If we always start his birthday with crêpes, we always end it with a Baked Alaska. He is definitely a creature of habit. Thankfully we weren't camping or hauling the dessert anywhere. We made and served it within 10 feet of the kitchen. Easy.


Really this dessert is all about the presentation. You need a cake, gluten-free for us in this case as Jake and R's best buddy are both gluten-free; you need ice cream, frozen into a bowl; you need whipped egg whites; and you need an oven or a culinary torch, we had the latter. 


Happy birthday to Riley!! Fifteen? I'm still reeling from that one. And, yes, I bought the chocolate cake base this year. It's been a tough couple of weeks as the school year wraps up. And I didn't feel like hauling cake batter to a friend's or my mom's oven. Don't judge.

Ingredients
  • cake (I used a store-bought flourless chocolate cake)
  • ice cream (I used coffee ice cream)
  • 8 egg whites
  • 2 T organic granulated sugar
  • Also needed: butane torch, plastic wrap
Procedure
The night before, line a bowl with plastic wrap, press slightly softened ice cream into the bowl, cover it tightly with more plastic wrap, and refreeze. For this cake I used coffee ice cream.

Once you're all set to assemble, separate 8 eggs, placing the whites in a large stainless steel bowl. Add 2 T organic granulated sugar. [I forgot the sugar last night. It was fine.] Beat egg whites until stiff peaks form.

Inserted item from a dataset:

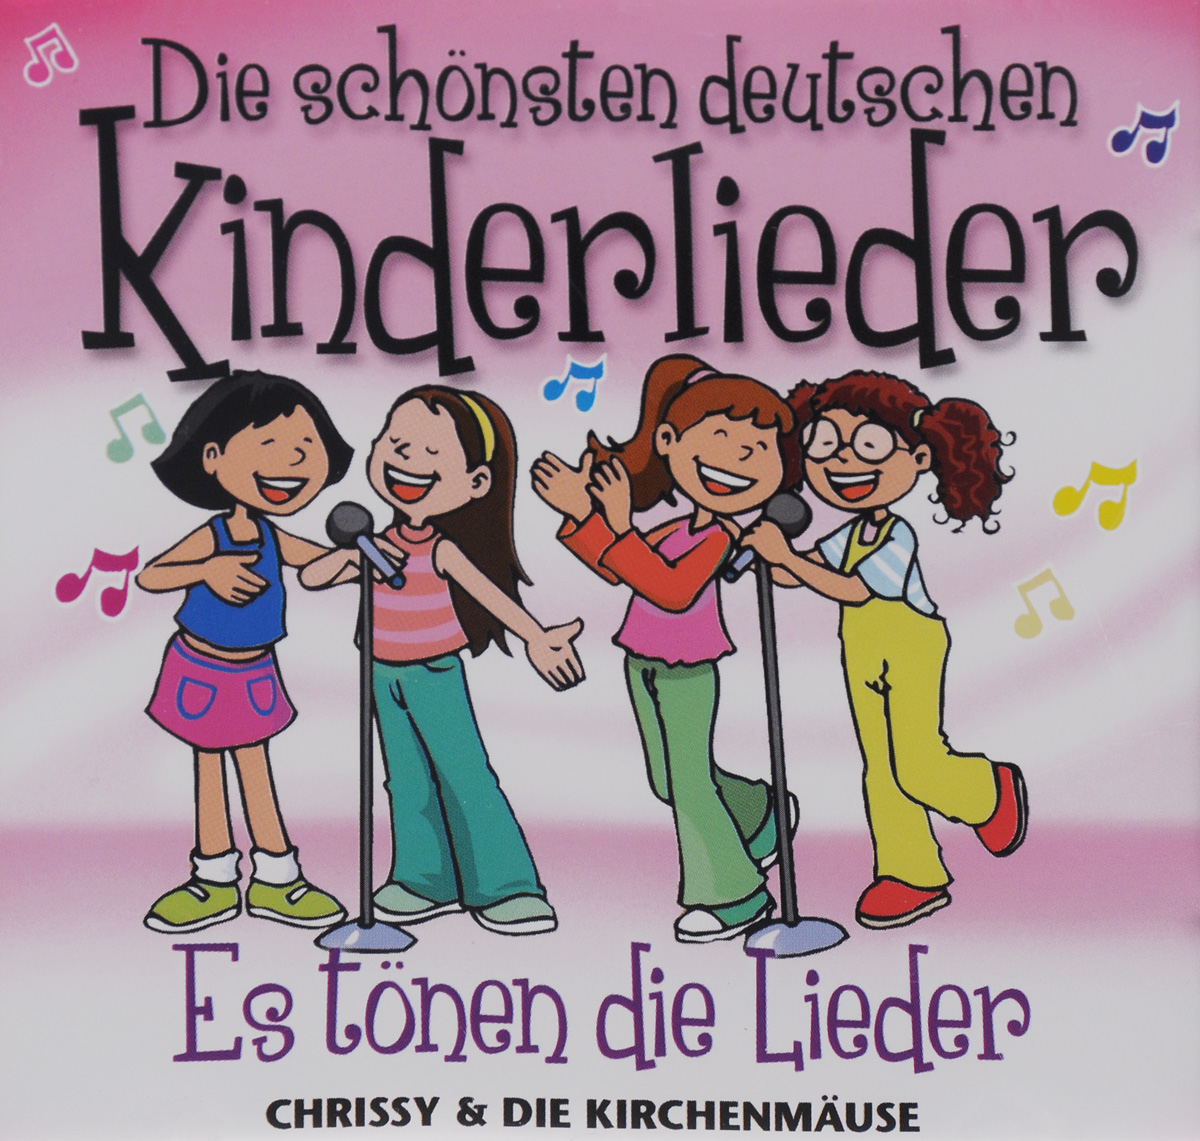 Chrissy,Die Kirchenmause Die Schonsten Deutschen Kinderlieder. Es Tonen die Lieder (CD)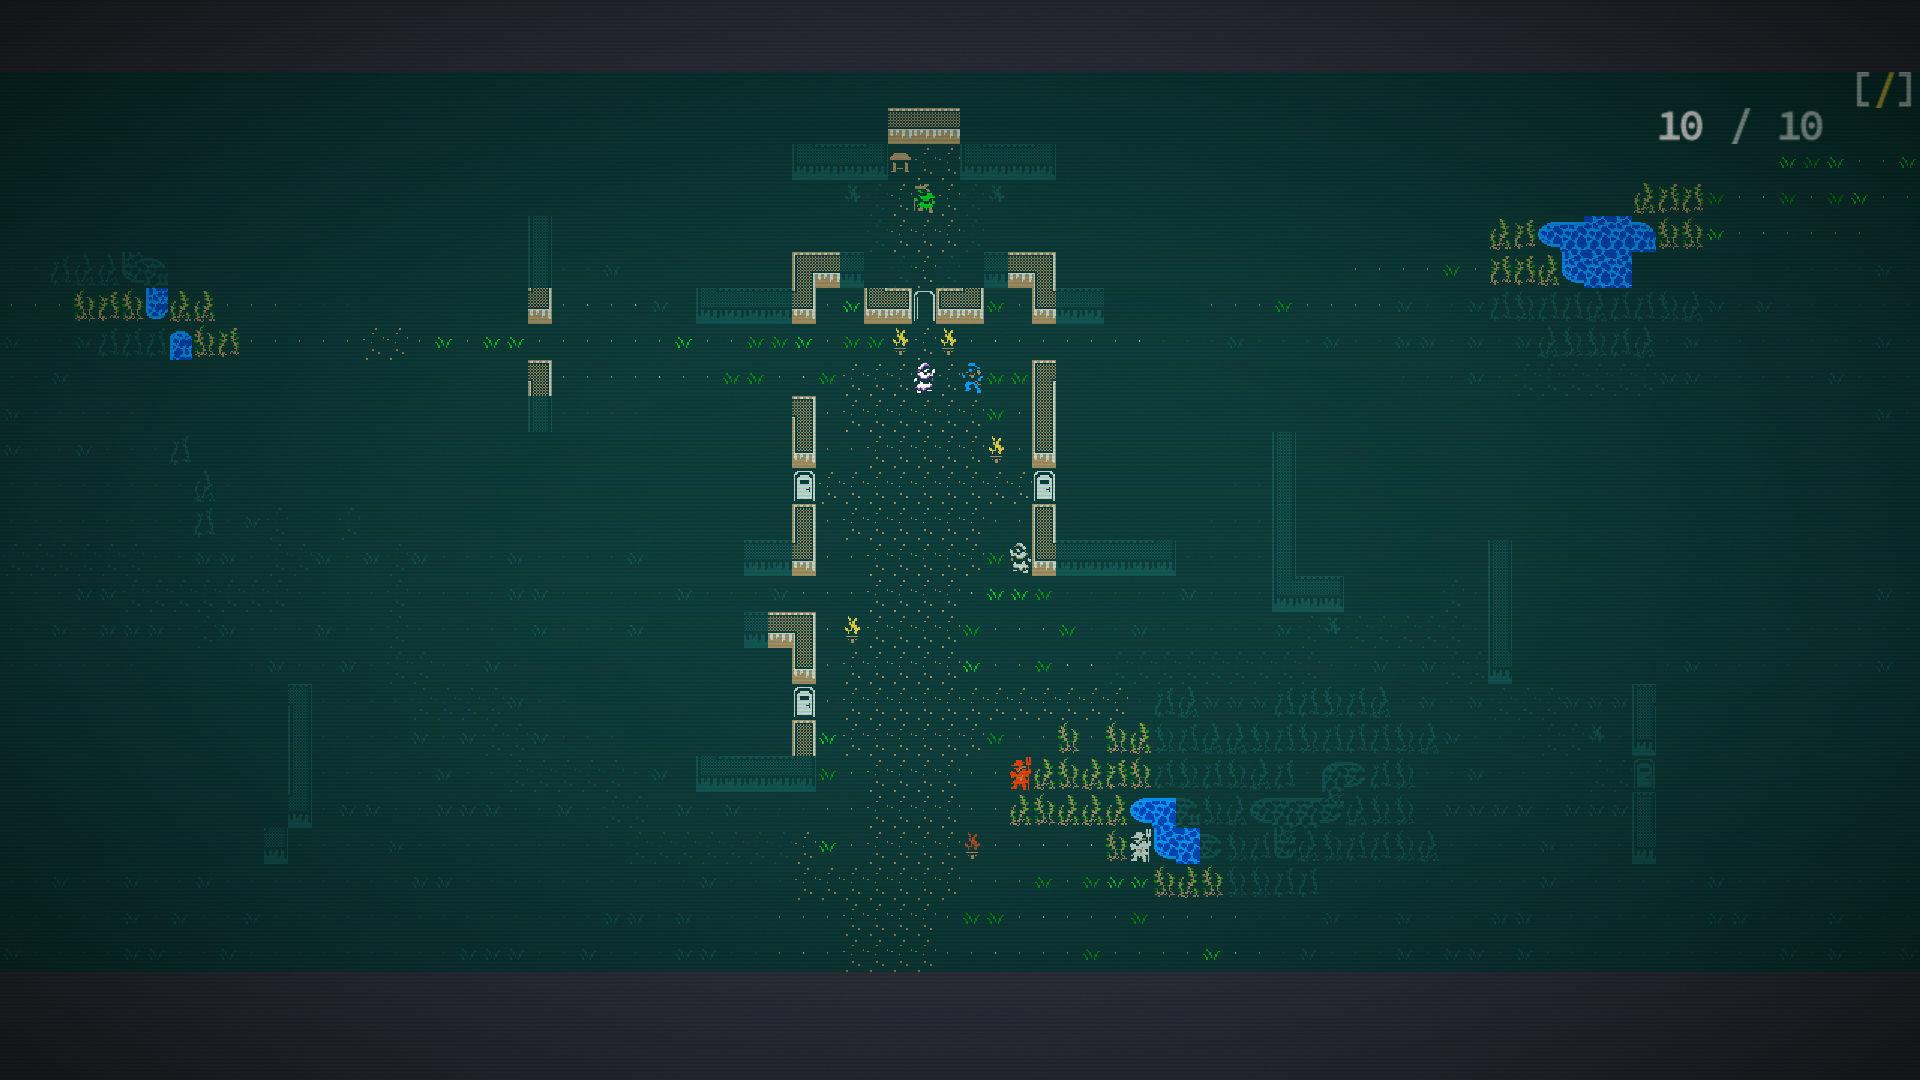 Caves of Qud screenshot 3

Place the cake on your serving dish. Turn molded ice cream out onto cake. Quickly and prettily spread meringue over cake. Make sure to have lots of little peaks because that it what browns. Spread the meringue all the way to dish to seal. Return to freezer until ready to serve.

Traditionally, you brown this in the oven. Since my oven is still out of commission, I decided to brown the peaks with my torch. It was simple and might be the way I make Baked Alaska from now on. Serve immediately!